[Data section]
- - - - -
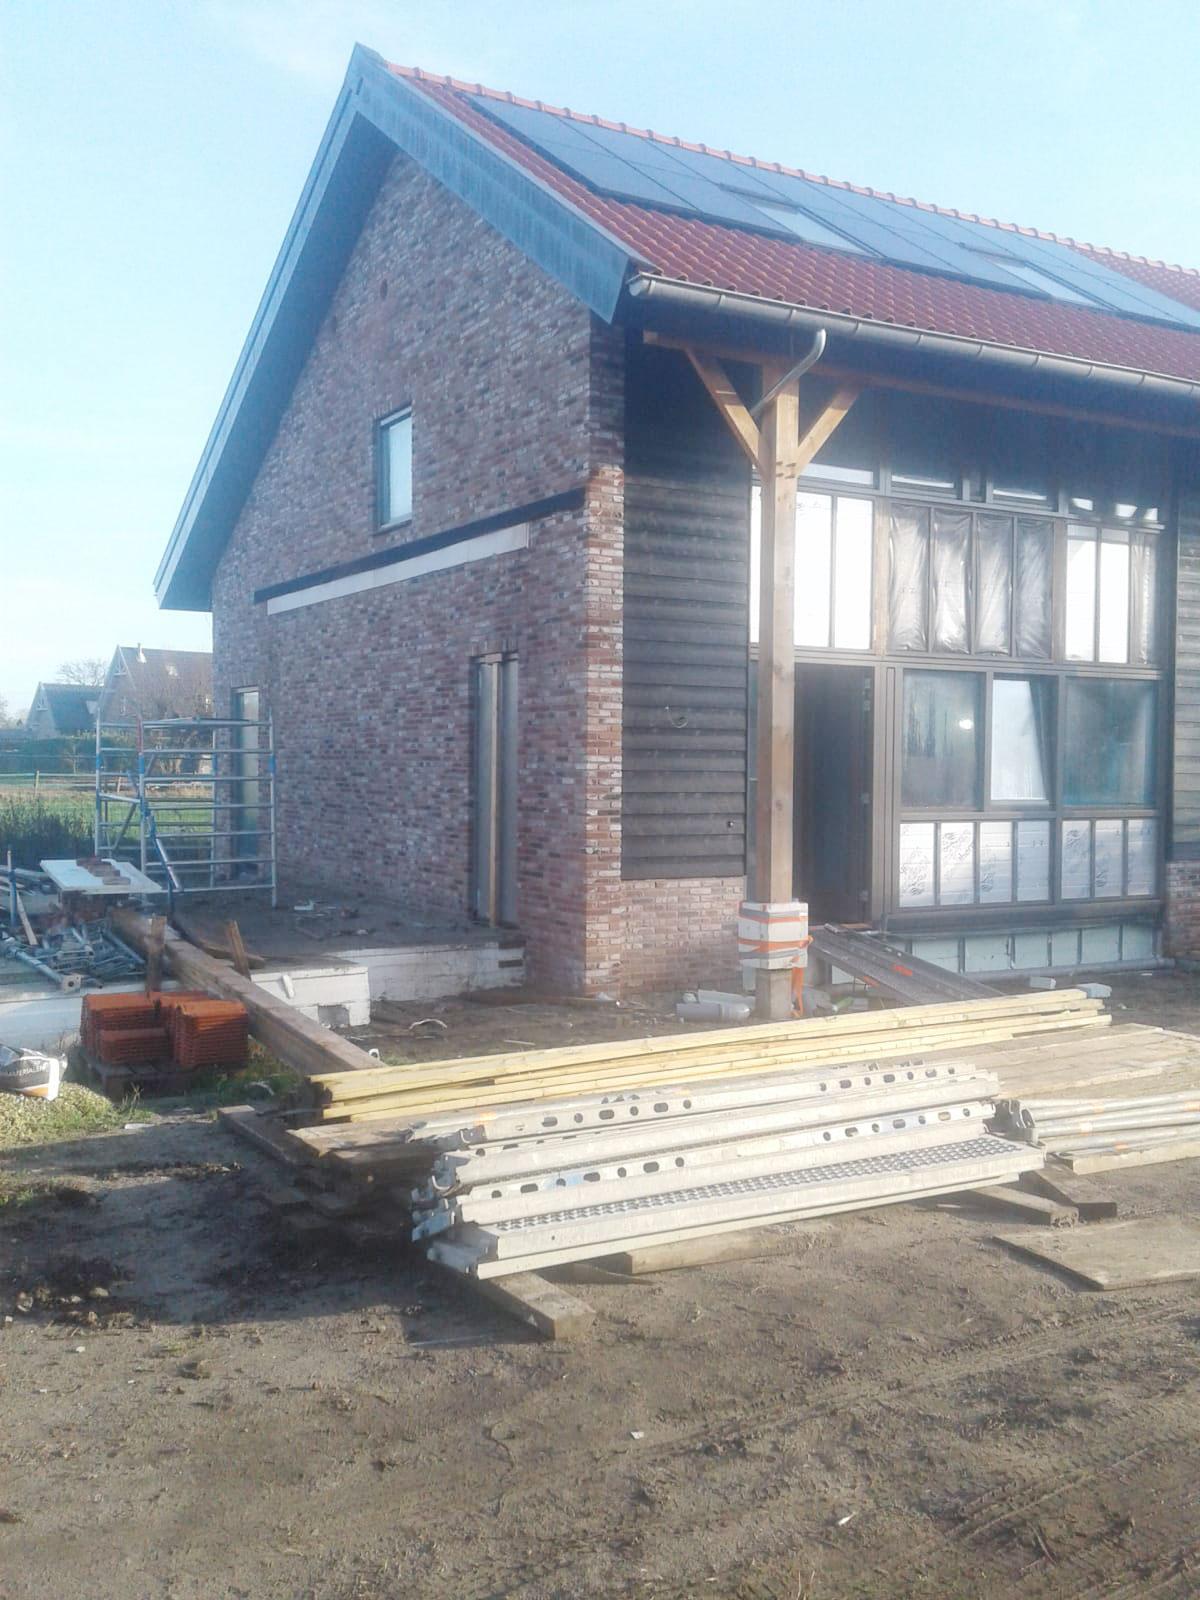 bouwupdate - Veldschuur Soester Erf Soest
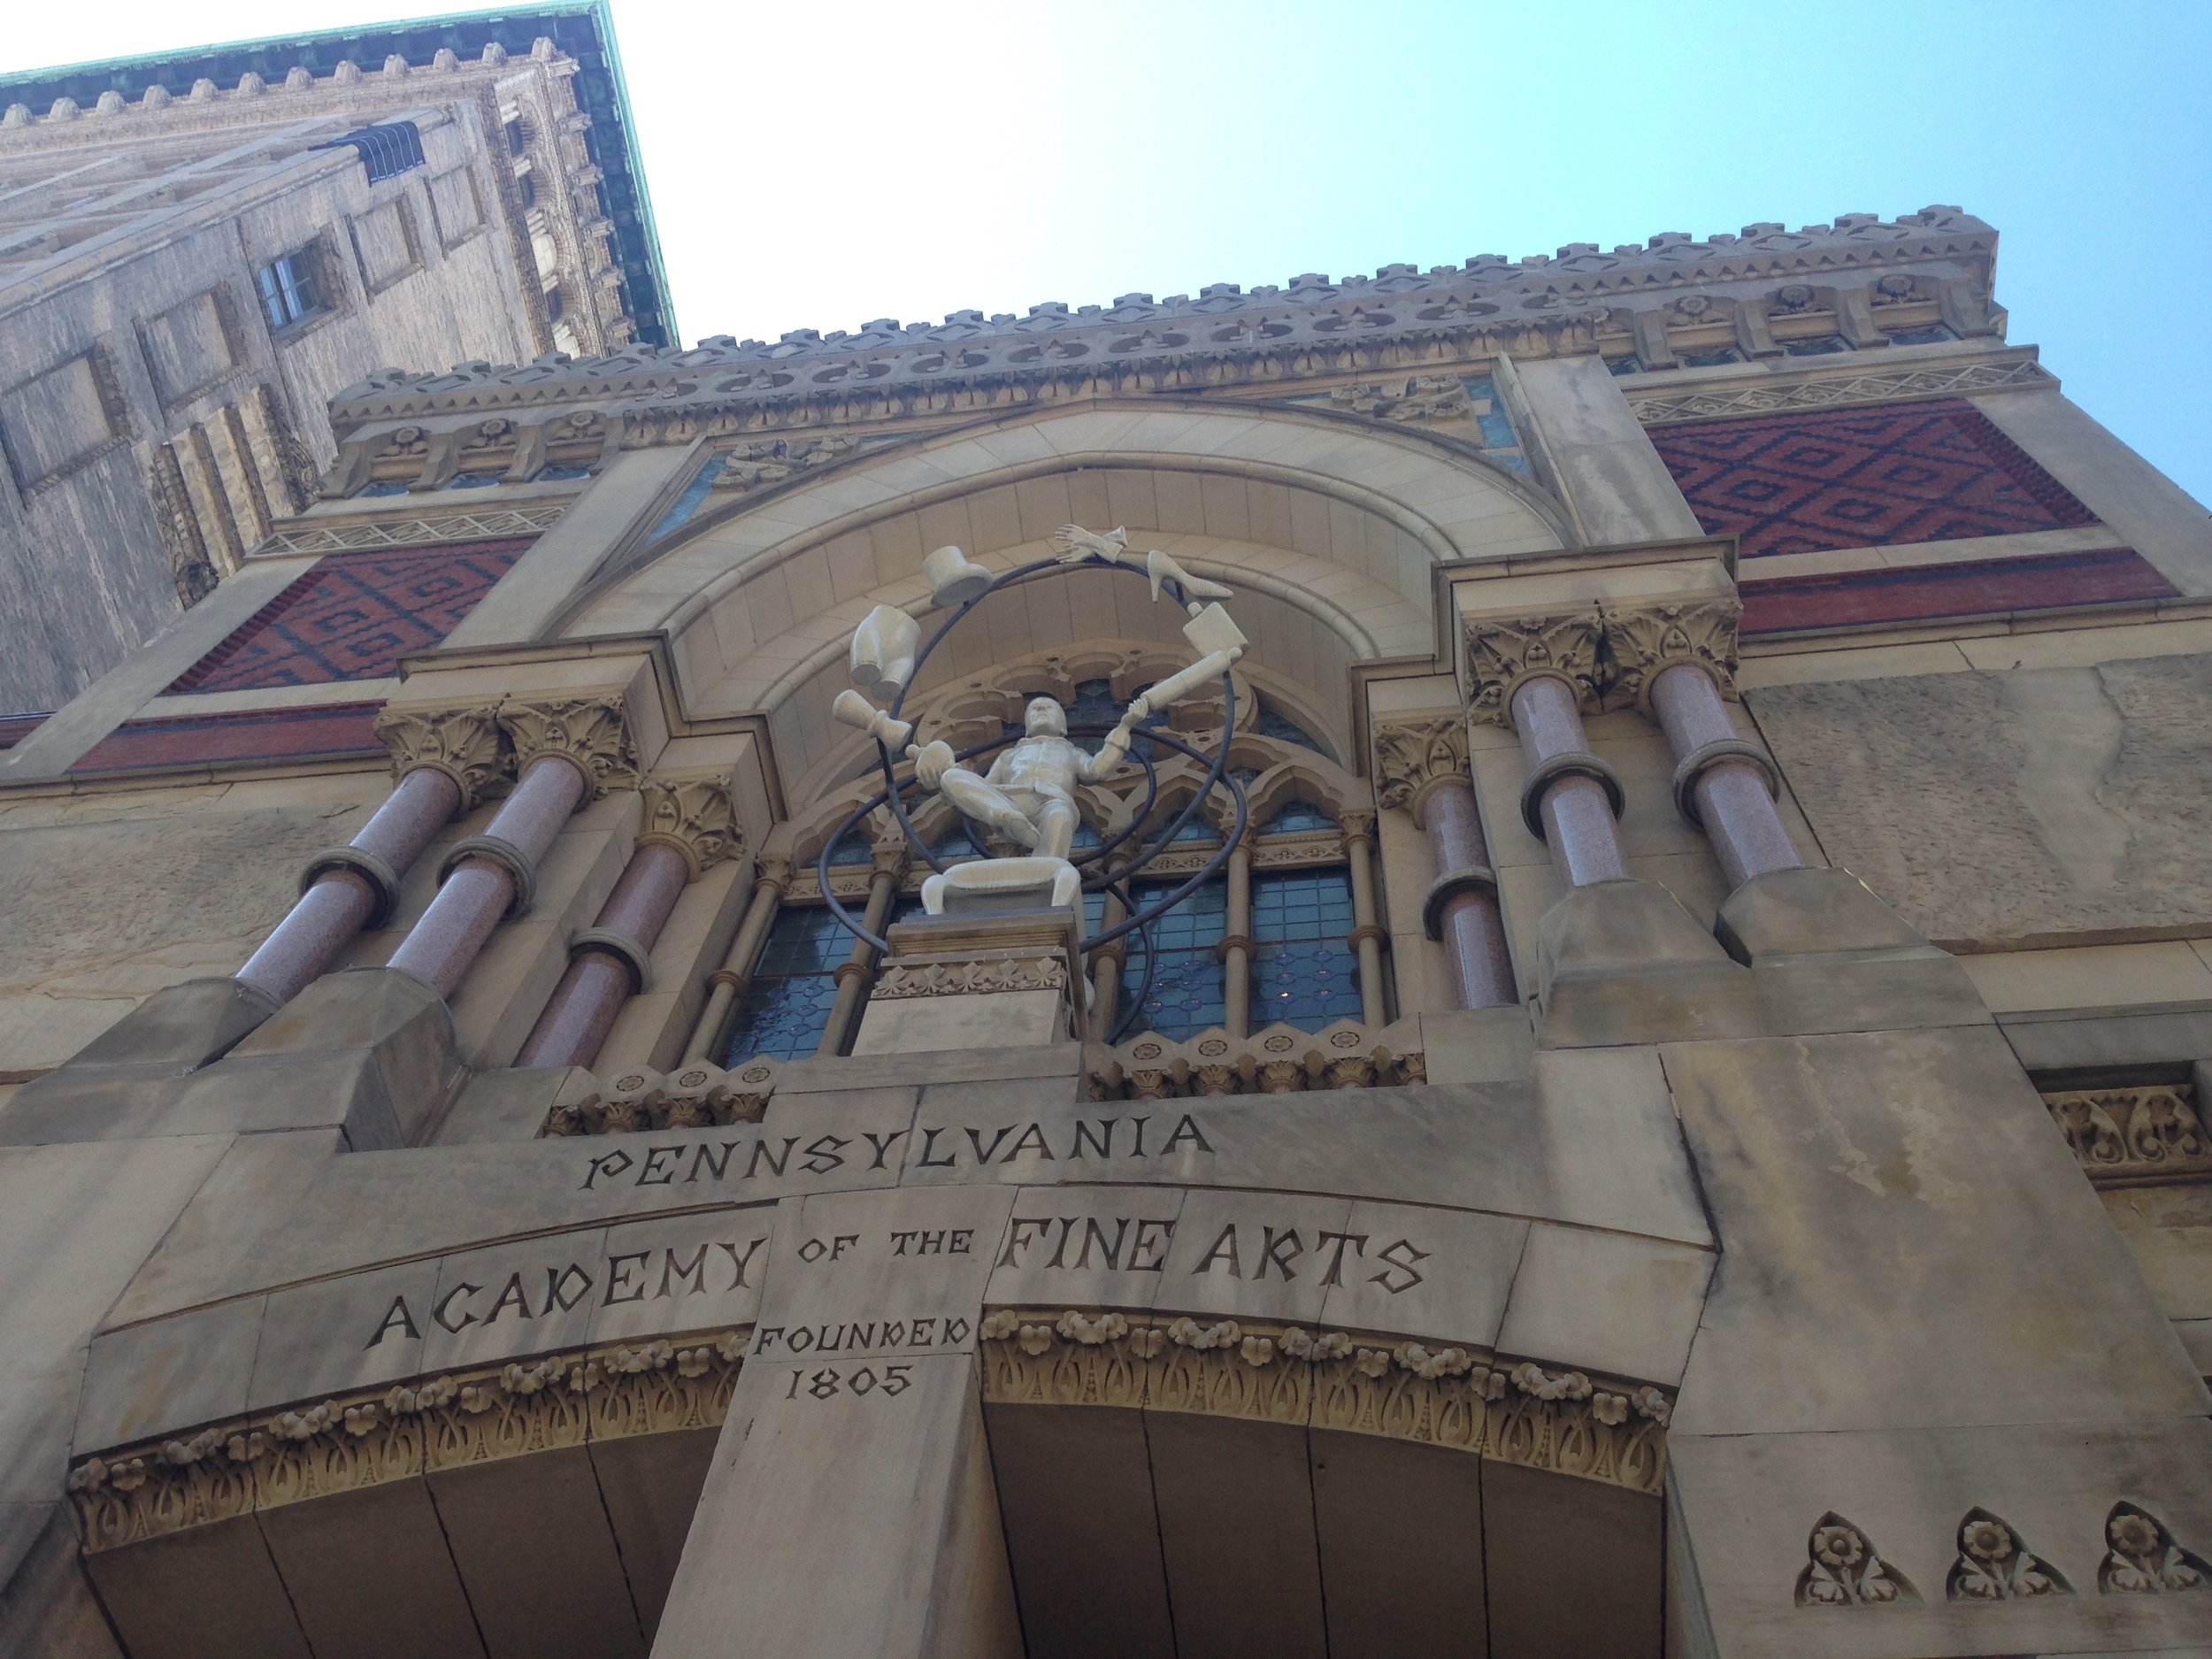 Philadelphia Academy of Fine Art - Wonderful collection!
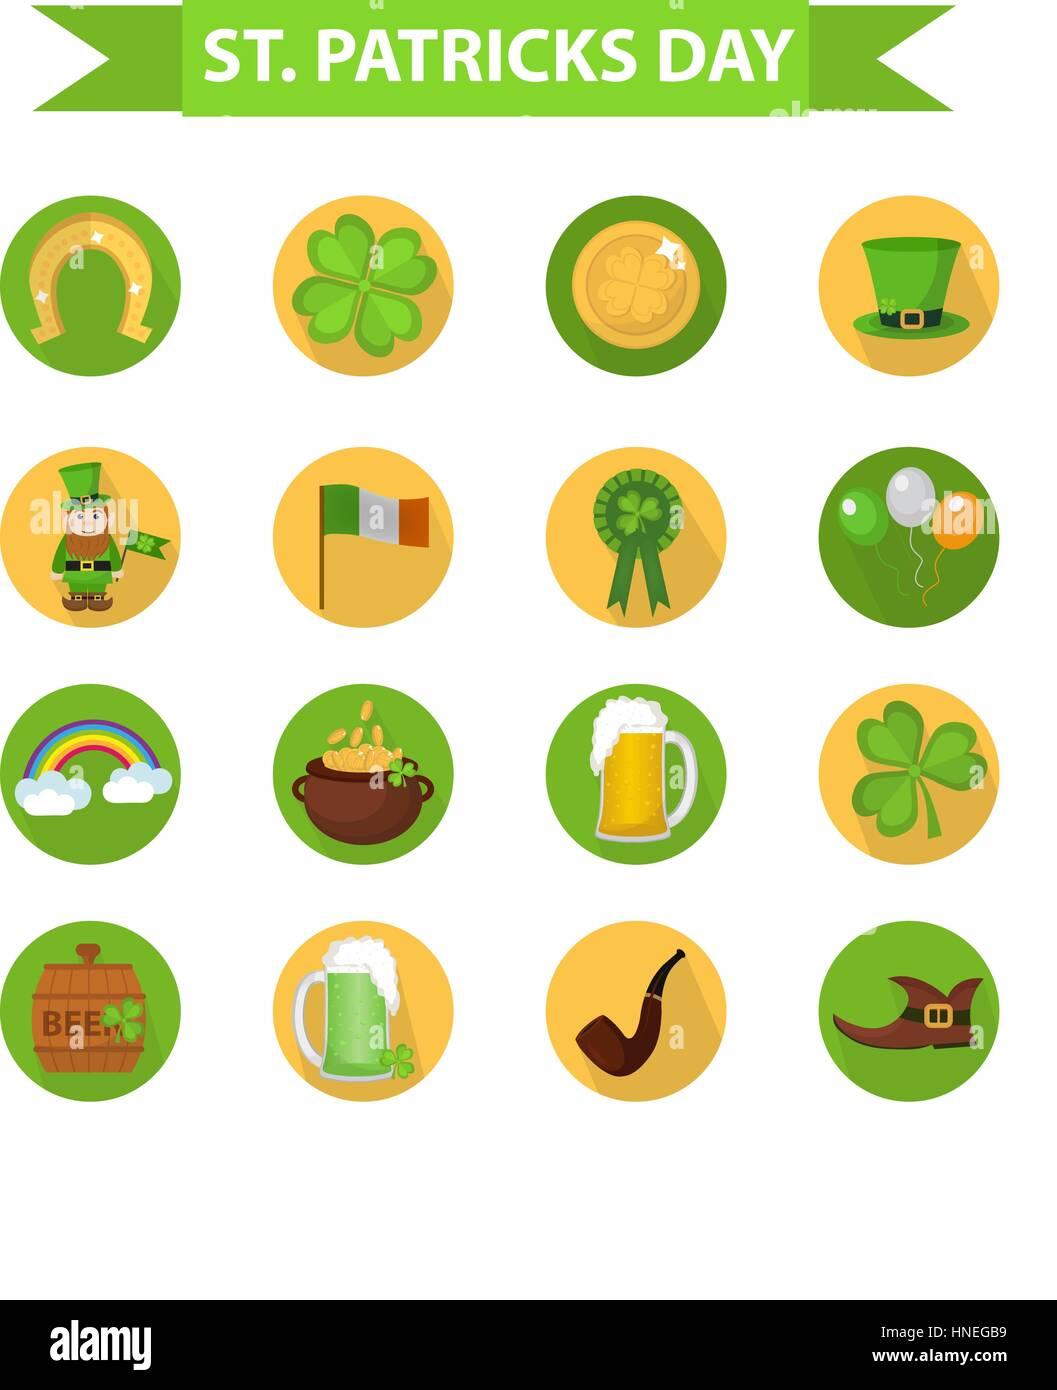 St Patricks Day Icon Set Design Element Traditional Irish Symbols Stock Vector Image Art Alamy
- - - - -
[Work task] Write the listing above out again word for word, excluding all images.

[Written response]
 bouwupdate - Veldschuur Soester Erf Soest
 Philadelphia Academy of Fine Art - Wonderful collection!
 St Patricks Day Icon Set Design Element Traditional Irish Symbols Stock Vector Image Art Alamy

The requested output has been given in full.